Can only distinguish two devices connected by a network IP source / destination, the network connection can be divided into two by a socket application source / destination region only.
Three-way handshake
must first establish TCP is a connection-oriented, so-called connection-oriented, that is, when both the computer communication connection and data communication, and finally dismantle three connection process. In the TCP connection establishment time and divided into three steps:
the first step (A-> B): Host A to Host B sends a SYN i.e. contains synchronization (the Synchronize) flags TCP packet, SYN synchronization packet will specify use of the client TCP port number and the initial connection;
the second step (B-> a): host B after receiving the client SYN packet, it returns a SYN + ACK packet, the host B represents a request is accepted, while TCP sequence number is increased by one, ACK i.e. acknowledgment (Acknowledgement).

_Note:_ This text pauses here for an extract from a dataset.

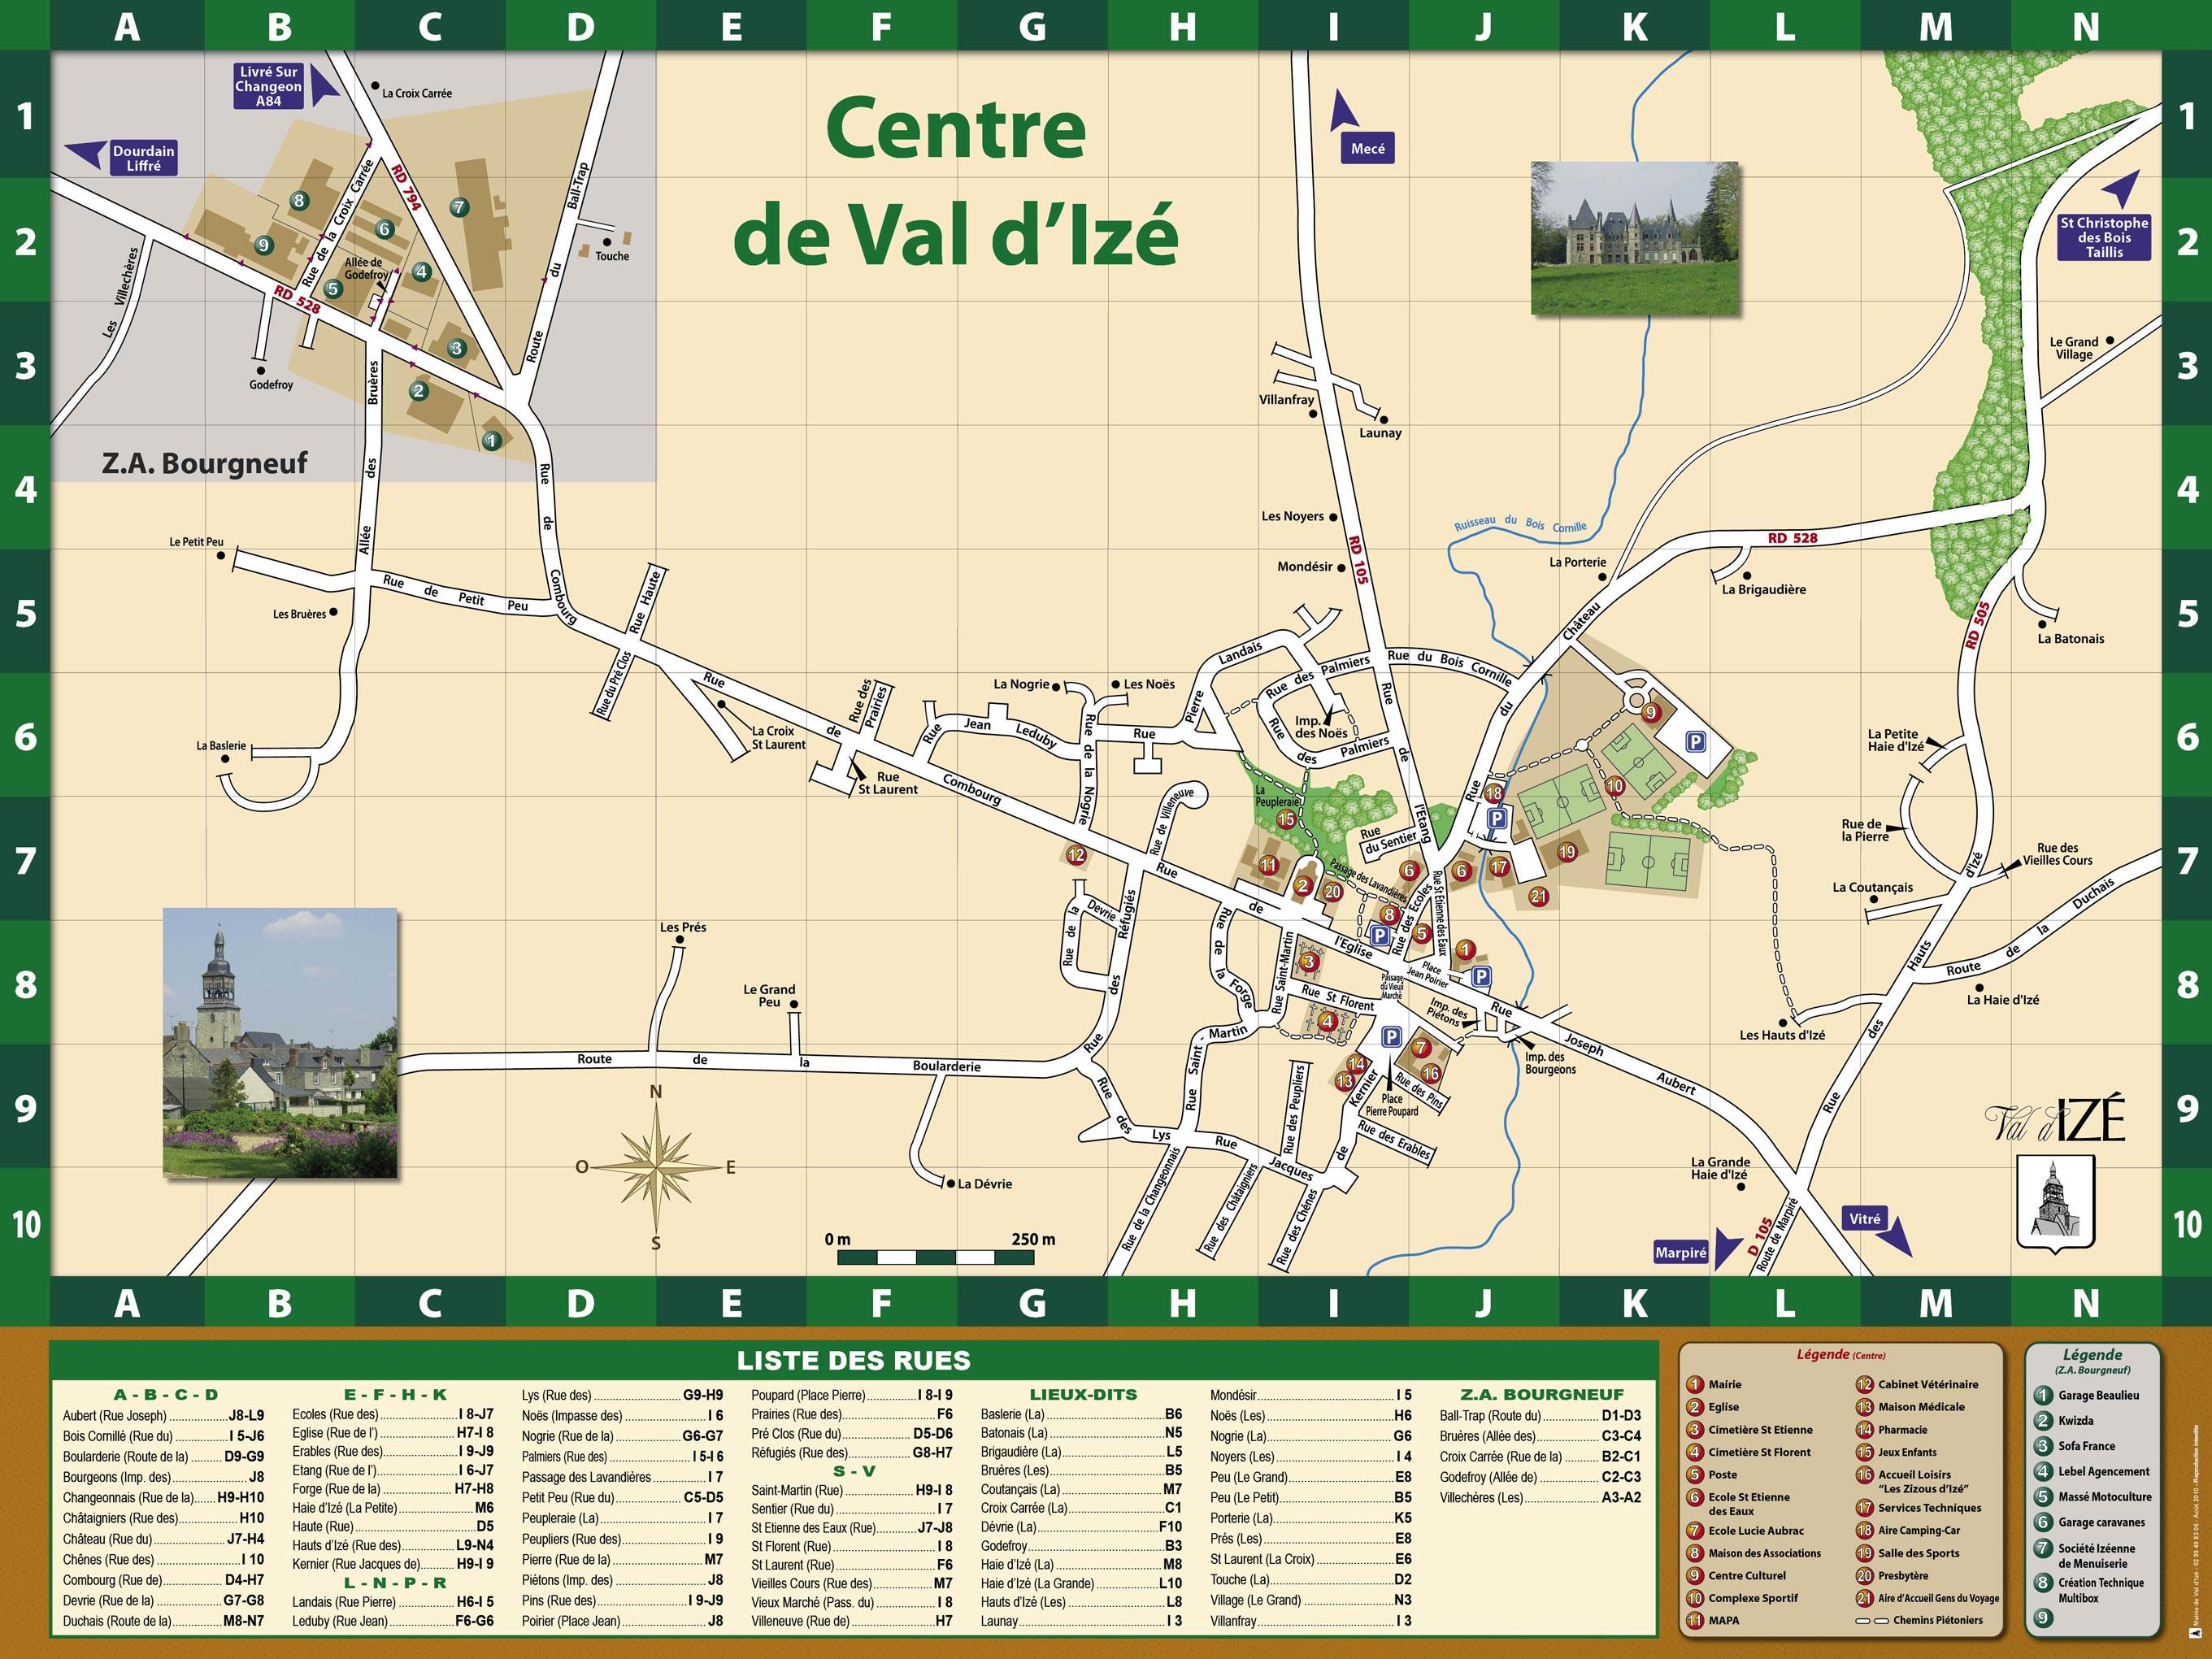 http://mairie.valdize.free.fr/mairie/plan-centre-de-val-d-iz-.jpg

Step (A-> B): Host A also returns an acknowledgment message ACK to the server, the same TCP sequence number is incremented by one, a TCP connection is completed to this
TCP / IP protocol core
three-way handshake
UDP
UDP User Datagram Protocol i.e., an unreliable transport protocol for non-connection, without going through a 3-way handshake to establish a connection at the same time, a UDP client application or server-side applications as simultaneously.

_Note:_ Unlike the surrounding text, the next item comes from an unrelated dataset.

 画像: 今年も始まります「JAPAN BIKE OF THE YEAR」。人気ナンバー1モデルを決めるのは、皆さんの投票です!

Since the UDP protocol does not need to establish a clear connection, so the establishment of TCP and UDP applications than build applications much simpler. UDP is more efficient than the TCP protocol, can better address real-time issues, now includes online video conferencing system, including a large number of client / server model of network applications use UDP protocol.
TCP / IP core protocol
Protocol selection
Select protocol should take into account data reliability, the reliability of real-time applications and networks.
Data application requires high reliability requirements of the TCP protocol selected, the reliability is not so high for data applications selectable UDP transport.

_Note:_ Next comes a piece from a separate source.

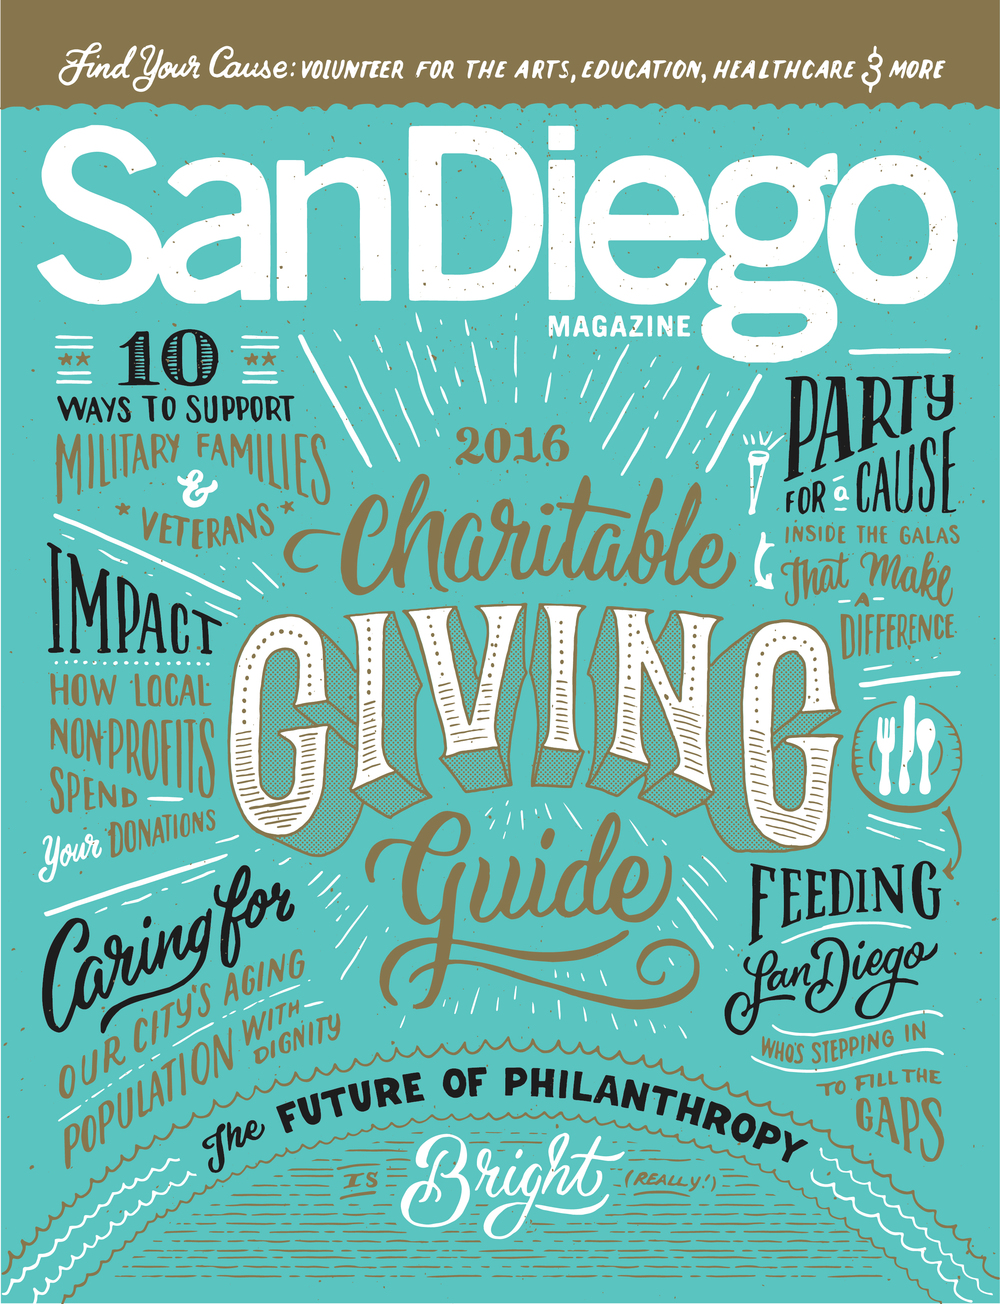 sdmag_charity_cover-01.jpg

TCP 3-way handshake protocol, the retransmission confirmation means can ensure the reliability of data transmission, but there will be greater using the TCP protocol delay and therefore not suitable for the demanding real-time applications; UDP, however, there are good real-time.
The network conditions are not good circumstances need to use the TCP protocol (as in the case of a wide area network, etc.), select UDP protocol can reduce the network load situation under good network conditions.
Socket is a network interface, the difference operation between different protocols, the solution to the socket itself
is a special IO interface, a file descriptor;
is a communication process between a common, locally, communication between hosts;
the Socket available network address structure
{protocol, local address, local port} indicates
Socket type:
1. stream socket SOCK_STREAM
Stream sockets provide a reliable, connection-oriented traffic flows. It uses the TCP protocol. TCP ensures the correctness and sequence of data transmission;
2. datagram sockets SOCK_DGRAM
datagram socket defines a connectionless service, data is transferred through packets independently, is disordered, and does not guarantee reliable, error-free, that uses datagram protocol UDP.
3. SOCK_RAM raw socket
raw sockets such as IP ICMP allows direct access to the low-level protocol or, mainly for the new network protocol testing the like.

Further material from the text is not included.